The logistic log-loss function of one variable is obtained by composing the logarithmic cost function with the logistic function, and it is of importance in the analysis of logistic regression.

Explicitly, the function has the form:

${\displaystyle f(x)=-(p\ln (g(x))+(1-p)\ln (1-g(x)))}$

where ${\displaystyle g}$ is the logistic function and ${\displaystyle \ln }$ denotes the natural logarithm. Explicitly, ${\displaystyle g(x)=\frac{1}{1+e^{-x}}}$.

Note that ${\displaystyle 1-g(x)=g(-x)}$, so the above can be written as:

${\displaystyle f(x)=-(p\ln (g(x))+(1-p)\ln (g(-x)))}$

We restrict ${\displaystyle p}$ to the interval ${\displaystyle [0,1]}$. Conceptually, ${\displaystyle p}$ is the corresponding probability.
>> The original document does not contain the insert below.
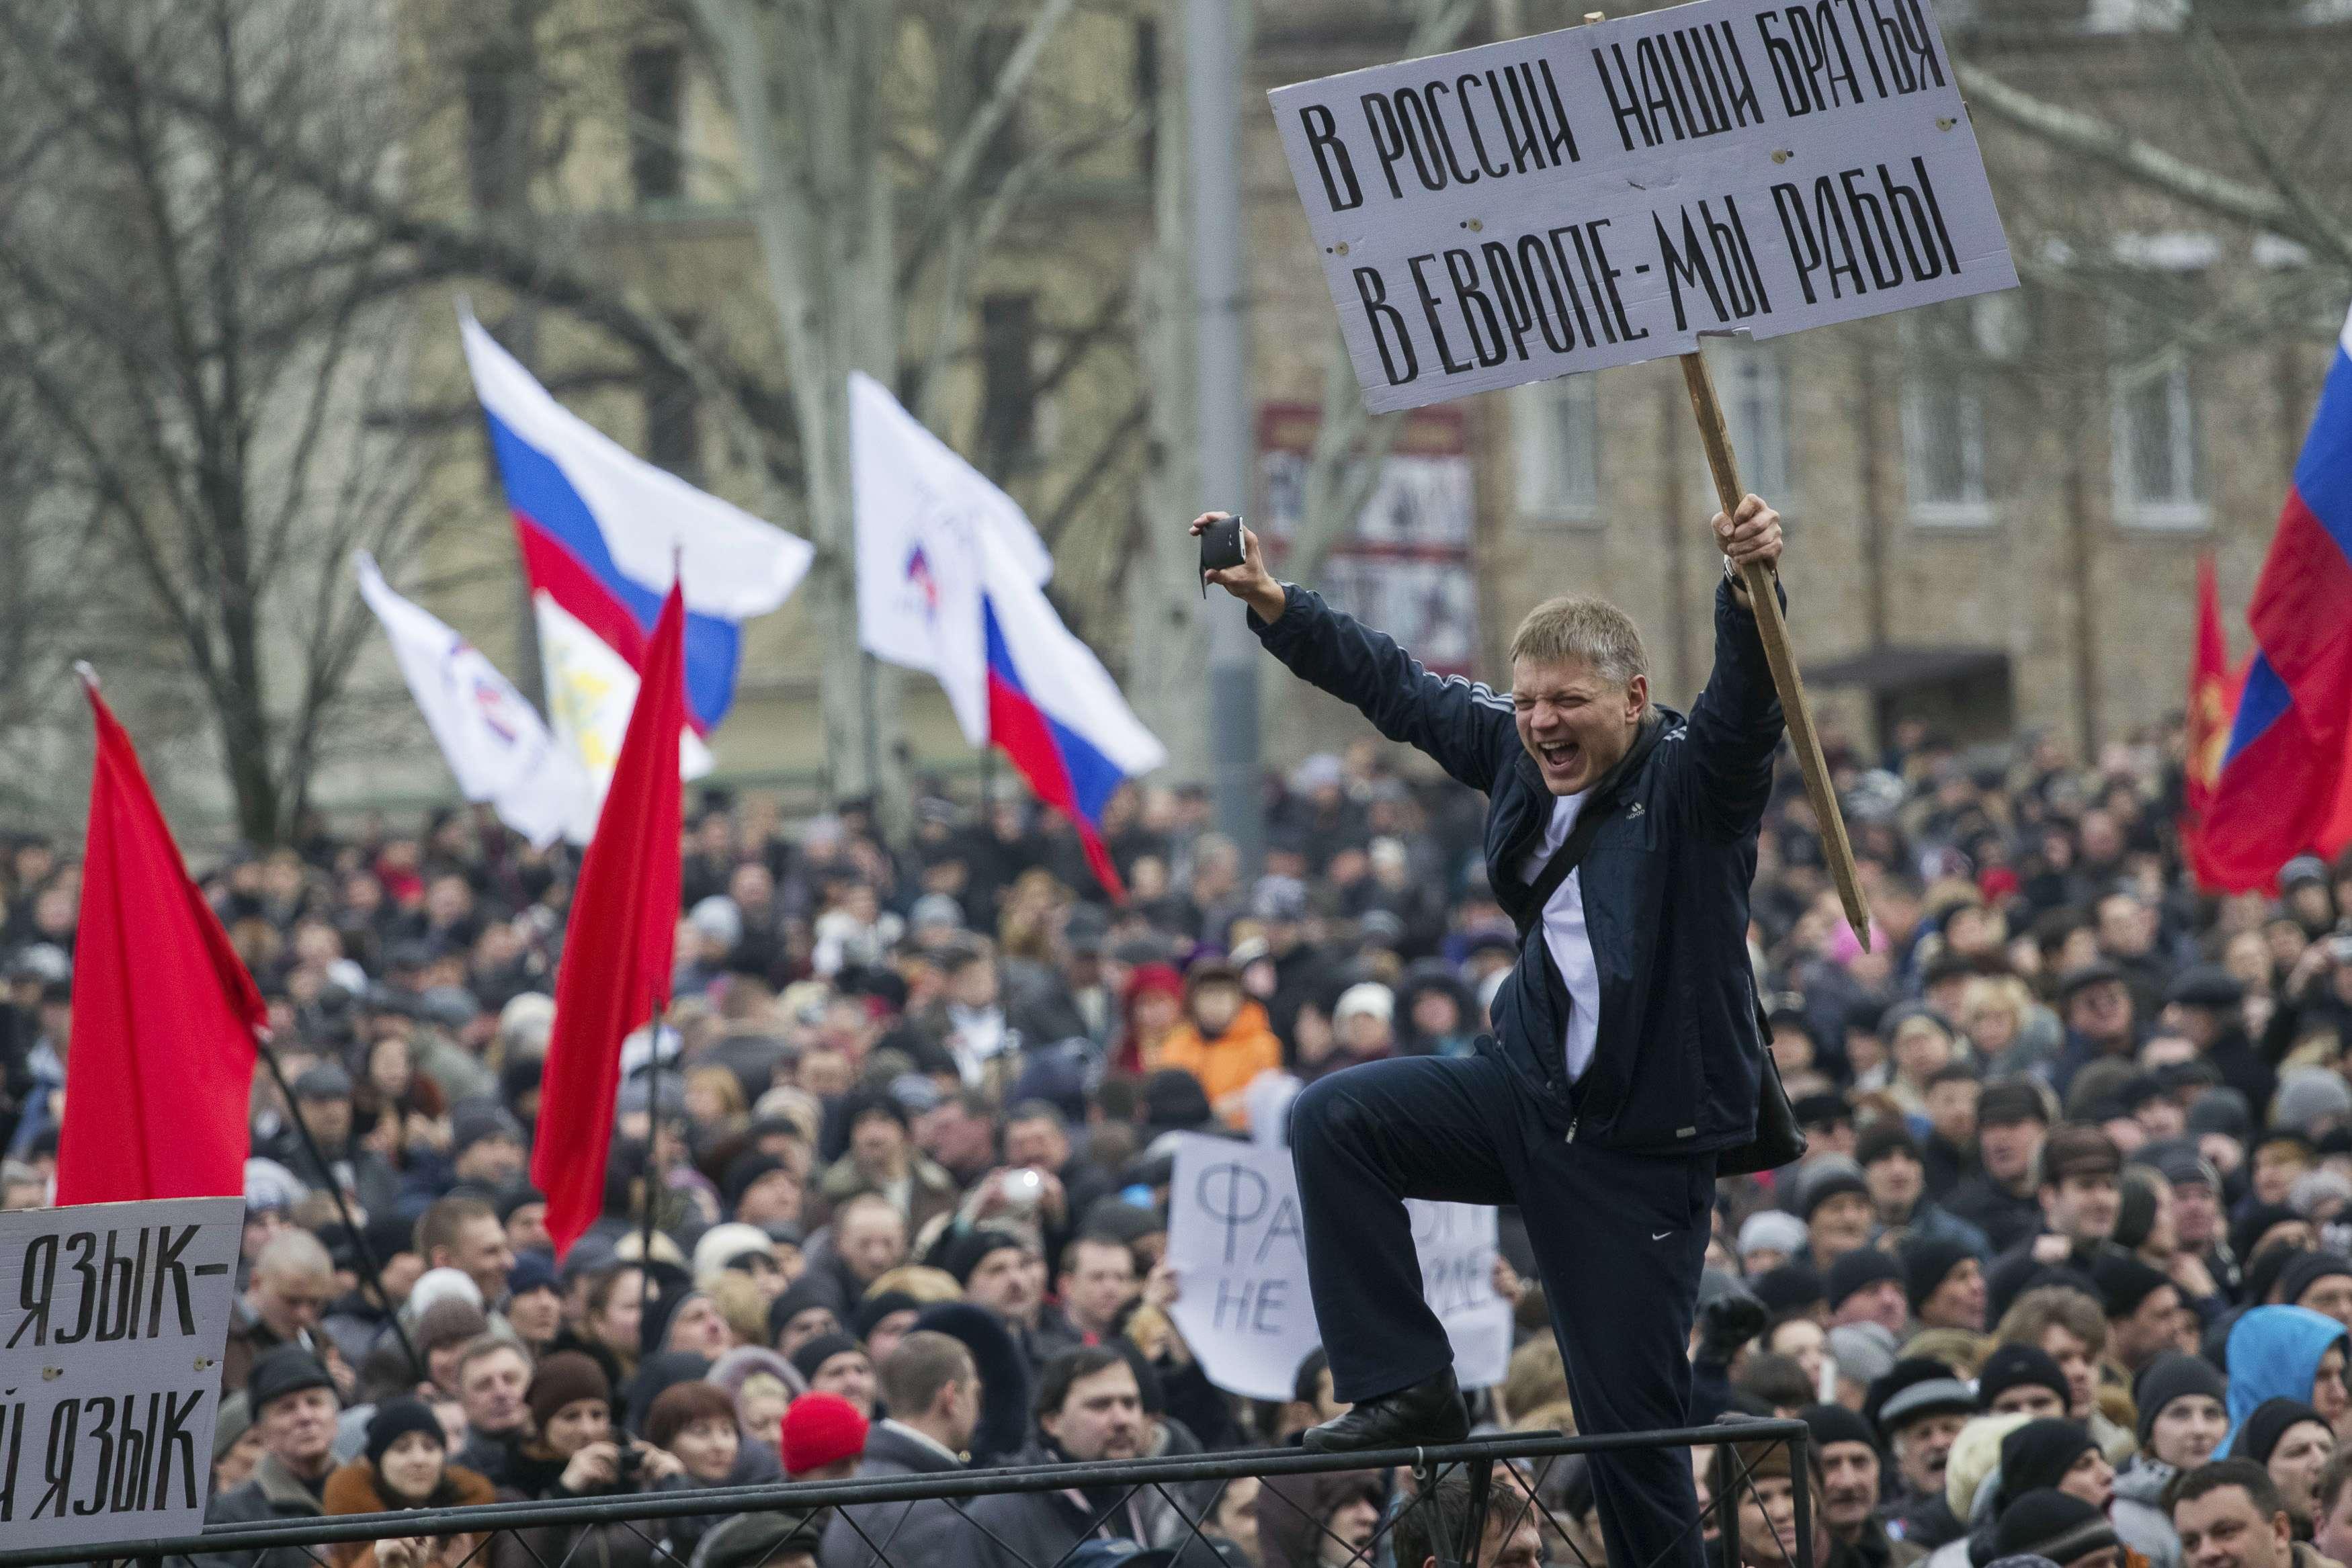 """""""Я живу в Донецке 5 лет, как в тюрьме. За что мне это дерьмо"""", - пособник оккупантов Болотин жалуется на """"власти ДНР"""" и призывает к акции неповиновения - Цензор.НЕТ 1759"""

More explicitly, ${\displaystyle f}$ is the function:

${\displaystyle f(x)=p\ln (1+e^{-x})+(1-p)\ln (1+e^x)}$

Key data

Differentiation

WHAT WE USE: chain rule for differentiation, Logistic function#First derivative

First derivative

We use that:

${\displaystyle g^{\prime }(x)=g(x)(1-g(x))=g(x)g(-x)}$

or equivalently:

${\displaystyle \frac{d}{dx}}(\ln (g(x))=1-g(x)=g(-x)$

Similarly:

${\displaystyle \frac{d}{dx}}(\ln (g(-x))=-g(x)$

Plugging these in, we get:

${\displaystyle f^{\prime }(x)=-(p(1-g(x))+(1-p)(-g(x)))}$

This simplifies to:

${\displaystyle f^{\prime }(x)=g(x)-p}$

Second derivative

Using the first derivative and the expression for ${\displaystyle g^{\prime }}$, we obtain:

${\displaystyle f^{″}(x)=g(x)(1-g(x))=g(x)g(-x)}$

Note that the second derivative is independent of ${\displaystyle p}$.